_Provided data_.
BEGIN

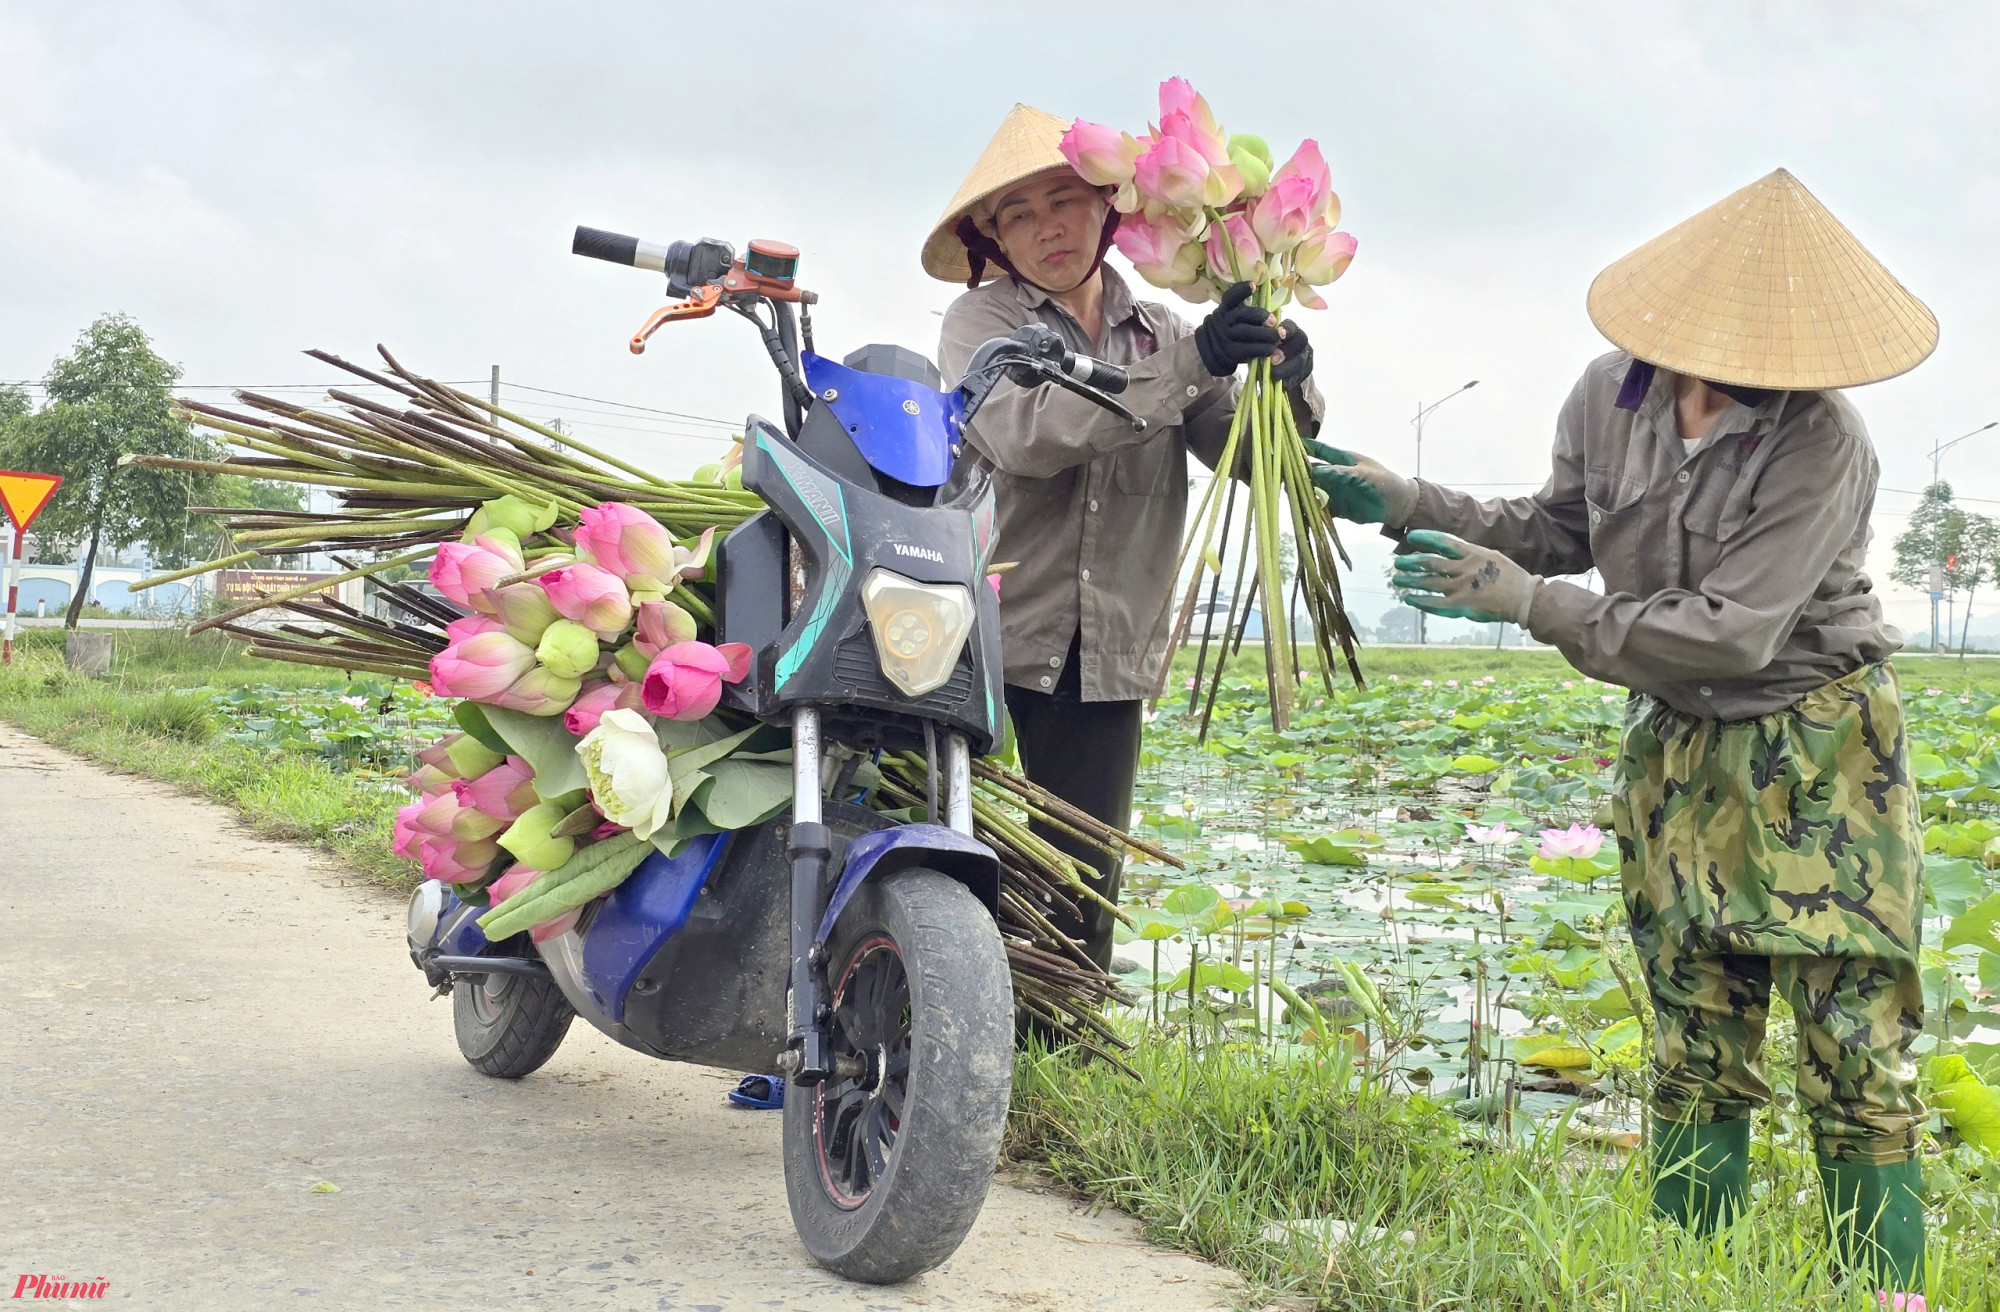 “Mùa thu hoạch sen kéo dài từ tháng 5 đến tháng 8. Nhưng dịp này vẫn cao điểm nhất khi có nhiều đoàn khách về quê Bác dâng hương thường dừng lại mua hoa sen” - bà Hà nói.
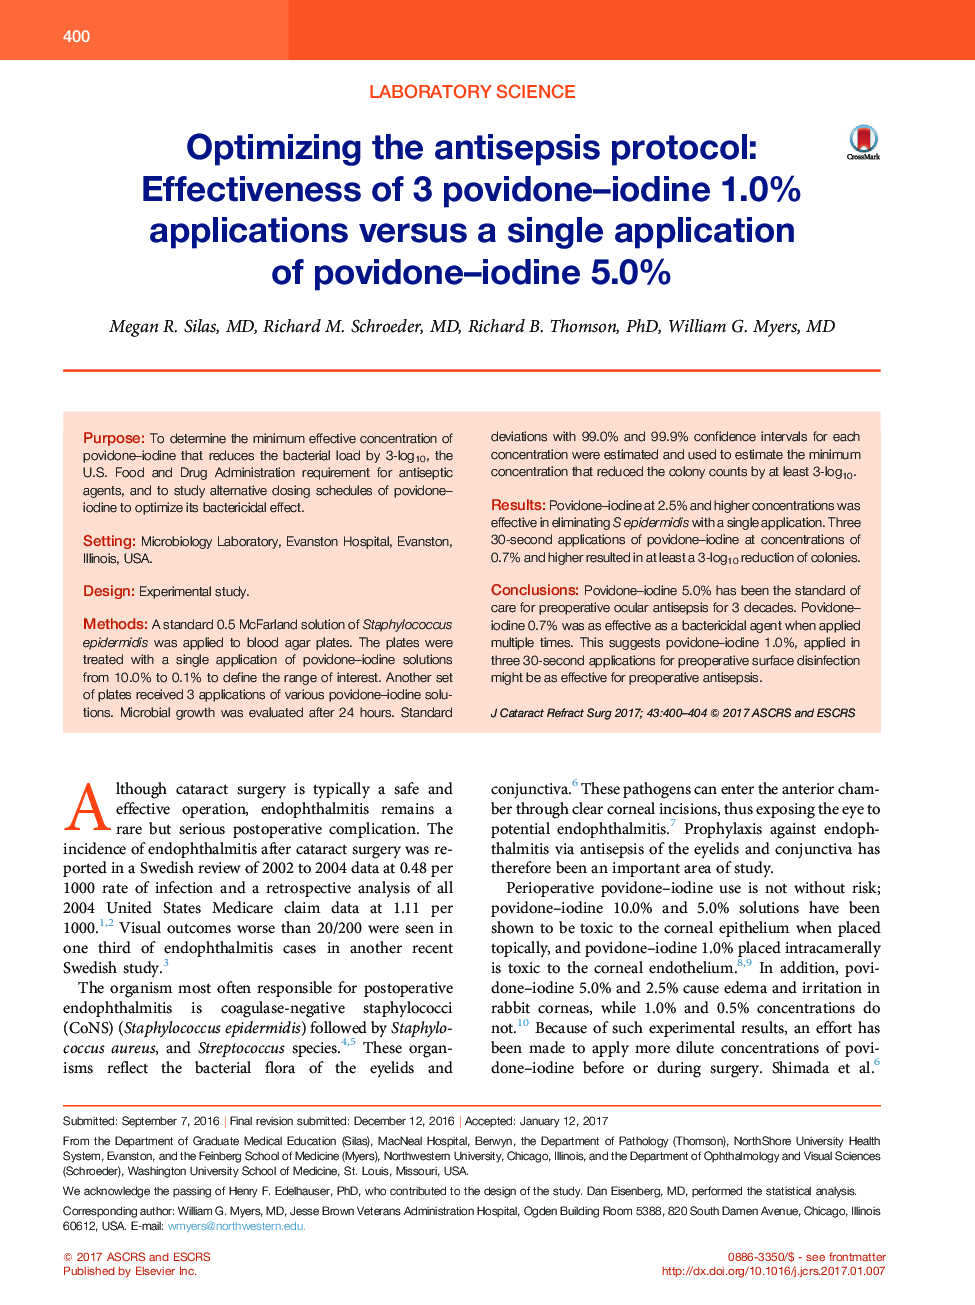 بهینه سازی پروتکل آنتیسیسپسی: اثربخشی 3 مورد پودوفیلد یددار 1.0٪ در مقایسه با یکبار مصرف پپیدون یدا 5٪ 
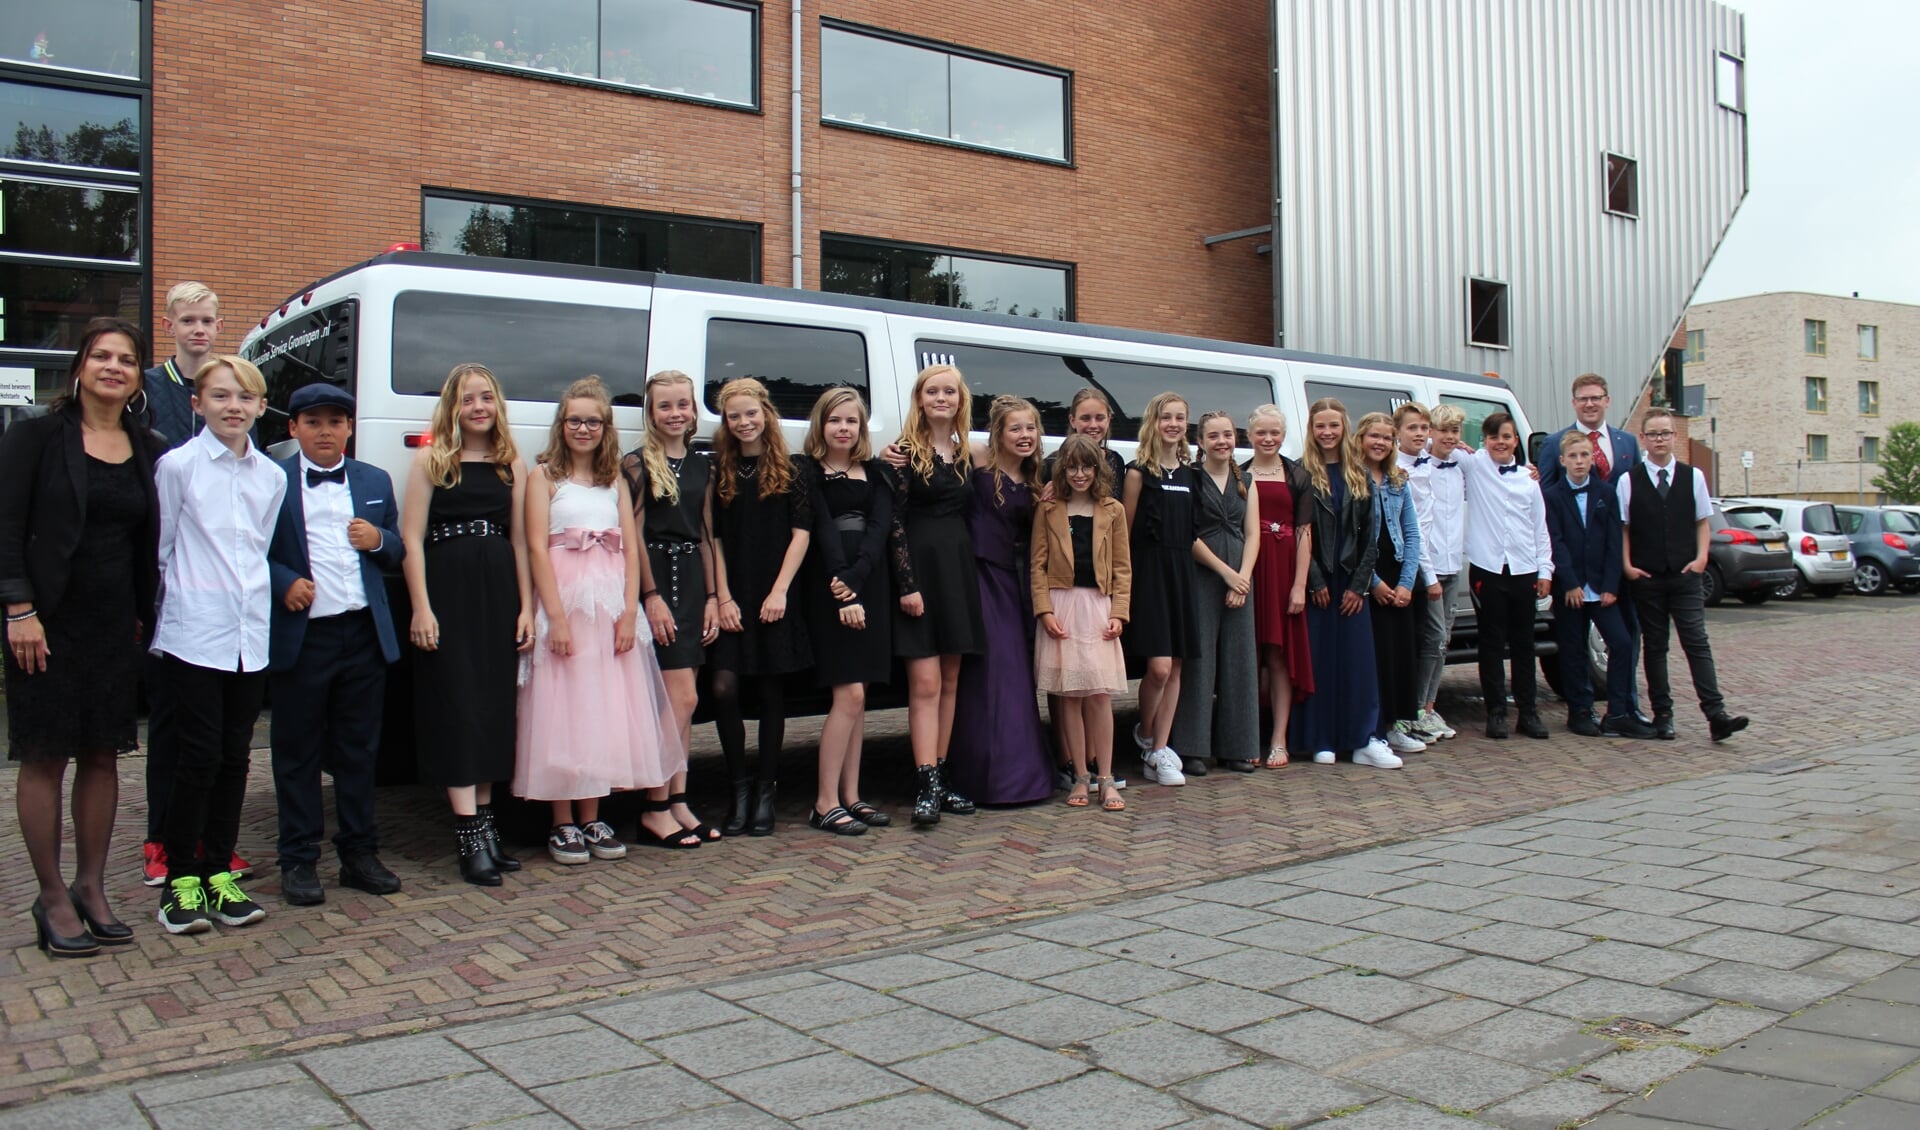 Leerlingen van IKC Harm Smeenge in gala bij de limousine (foto IKC Harm Smeenge).
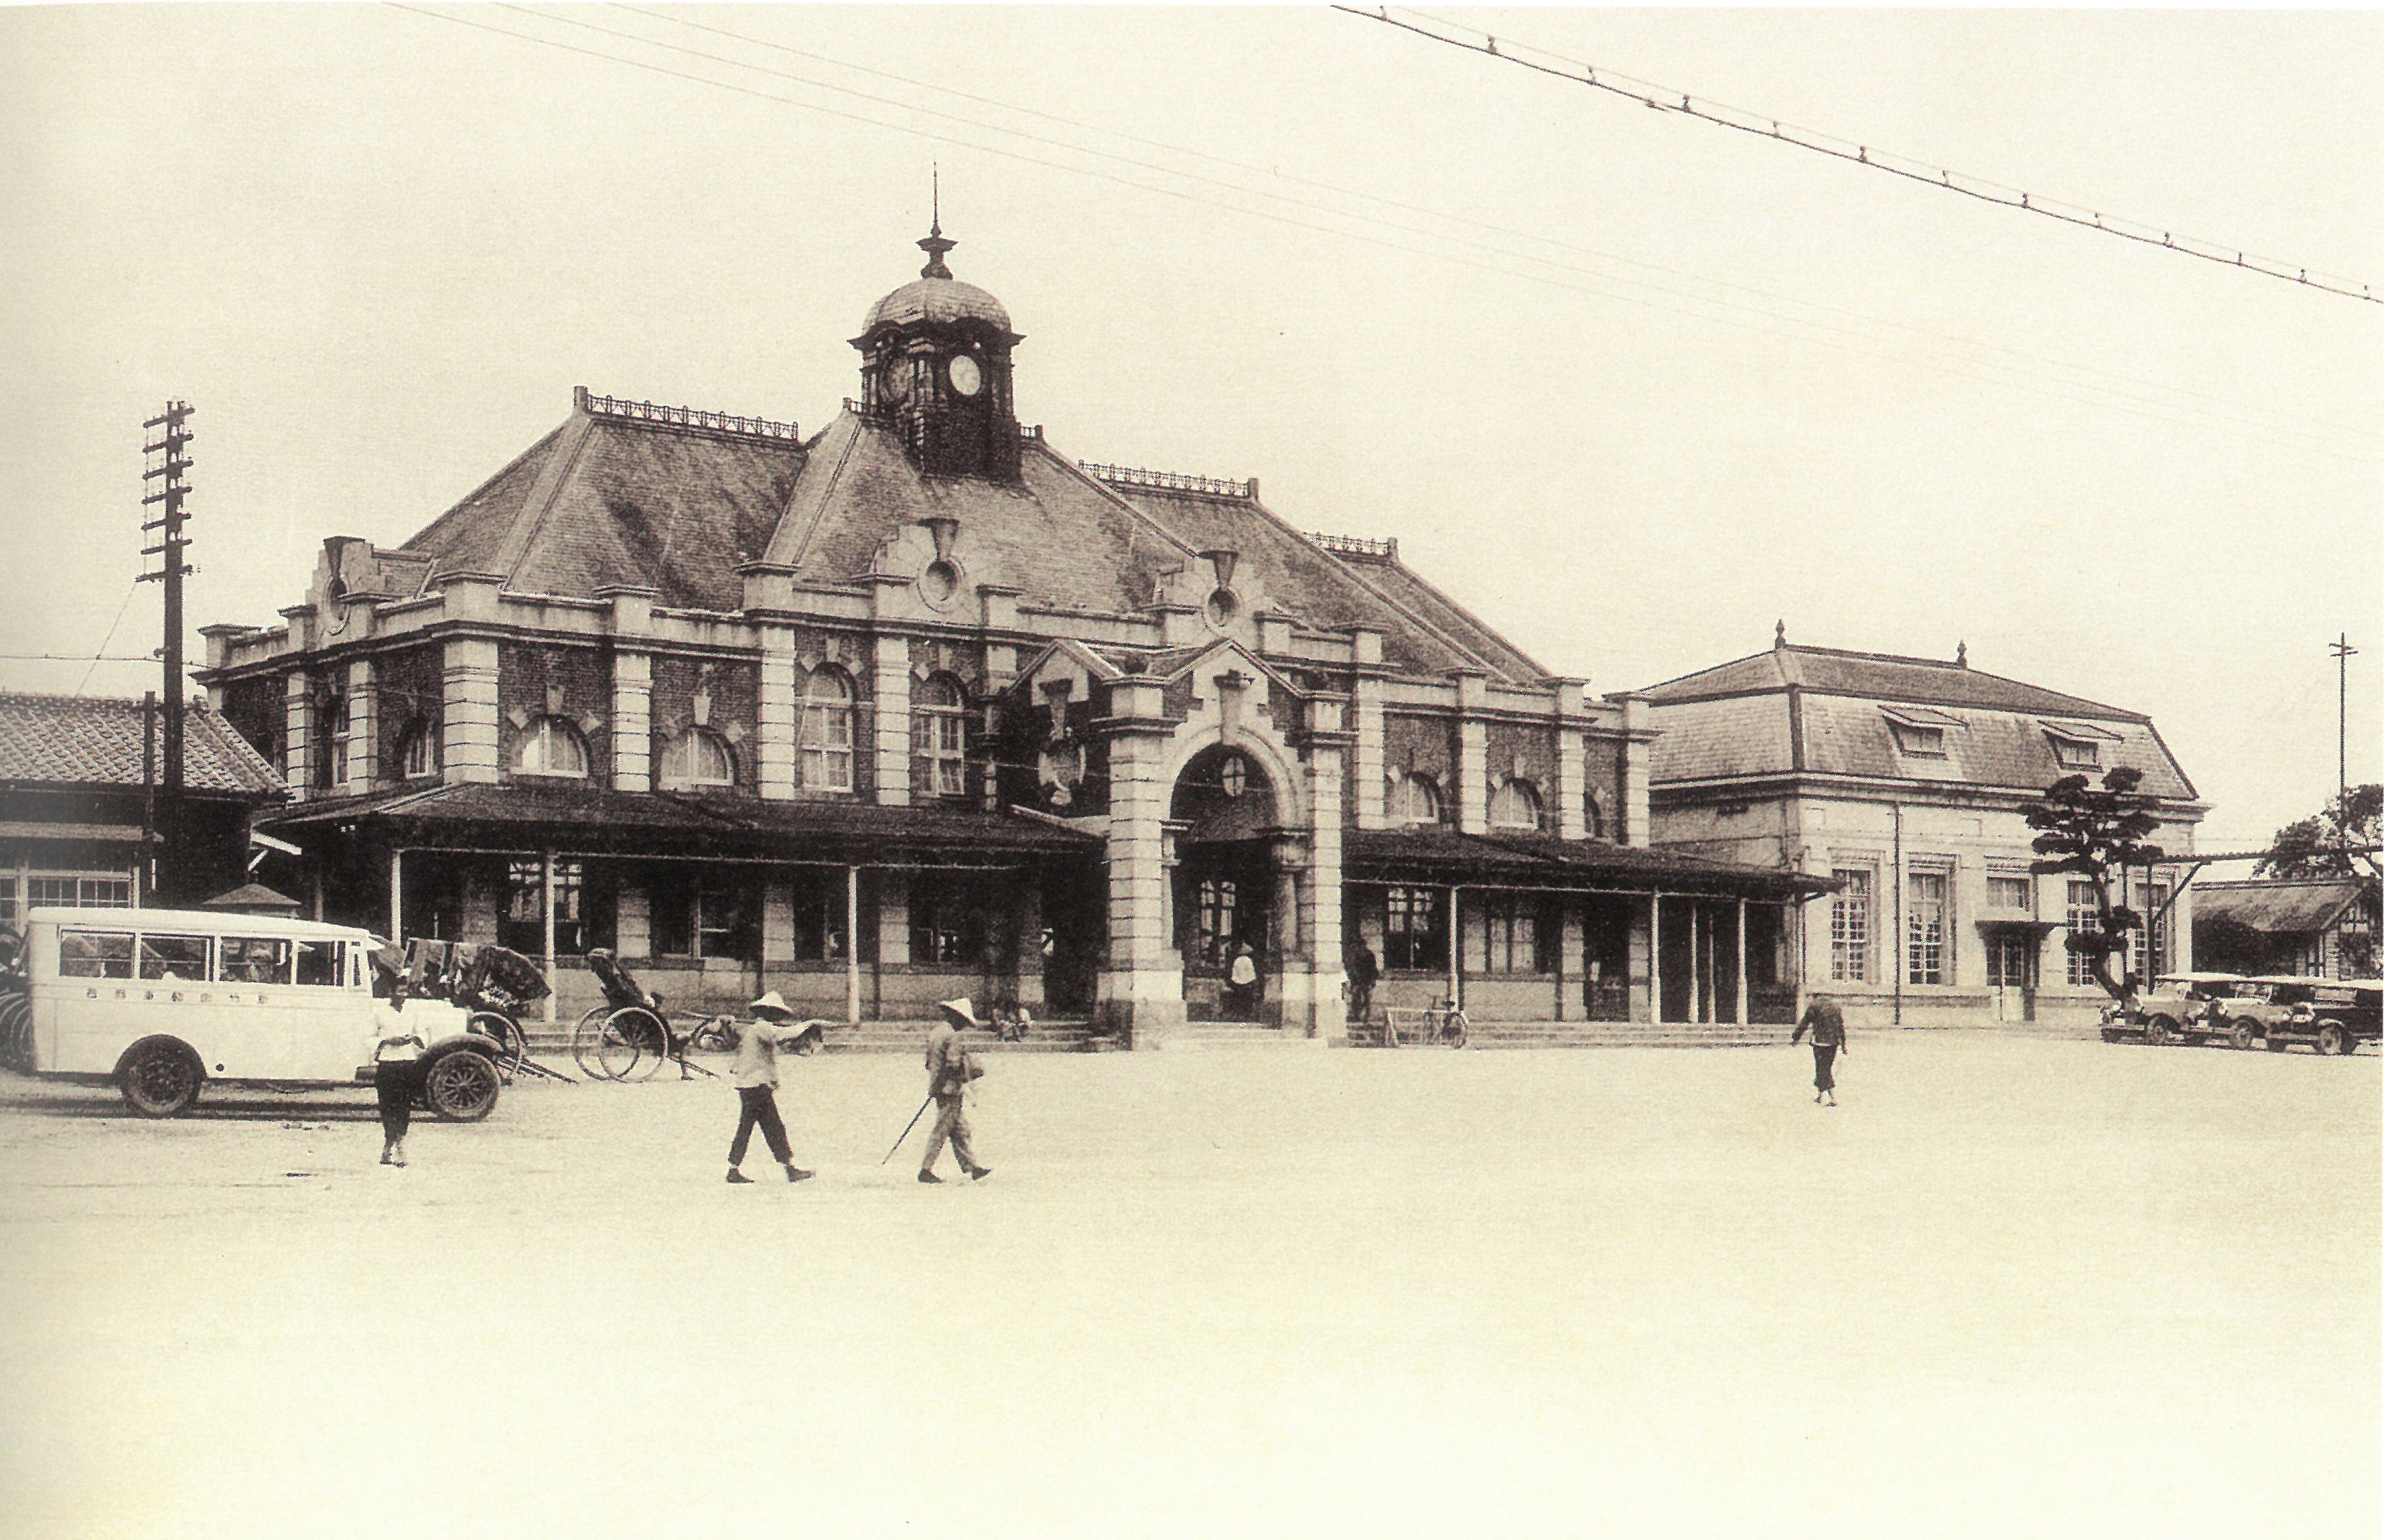 竹市鐵道藝術村「時光機」展 老照片帶您飛越新竹鐵道百年史

END

_Exercise prompt_.
Could the data be reproduced exactly, with the pictures omitted?

_Solution_.
 “Mùa thu hoạch sen kéo dài từ tháng 5 đến tháng 8. Nhưng dịp này vẫn cao điểm nhất khi có nhiều đoàn khách về quê Bác dâng hương thường dừng lại mua hoa sen” - bà Hà nói.
 بهینه سازی پروتکل آنتیسیسپسی: اثربخشی 3 مورد پودوفیلد یددار 1.0٪ در مقایسه با یکبار مصرف پپیدون یدا 5٪ 
 Leerlingen van IKC Harm Smeenge in gala bij de limousine (foto IKC Harm Smeenge).
 竹市鐵道藝術村「時光機」展 老照片帶您飛越新竹鐵道百年史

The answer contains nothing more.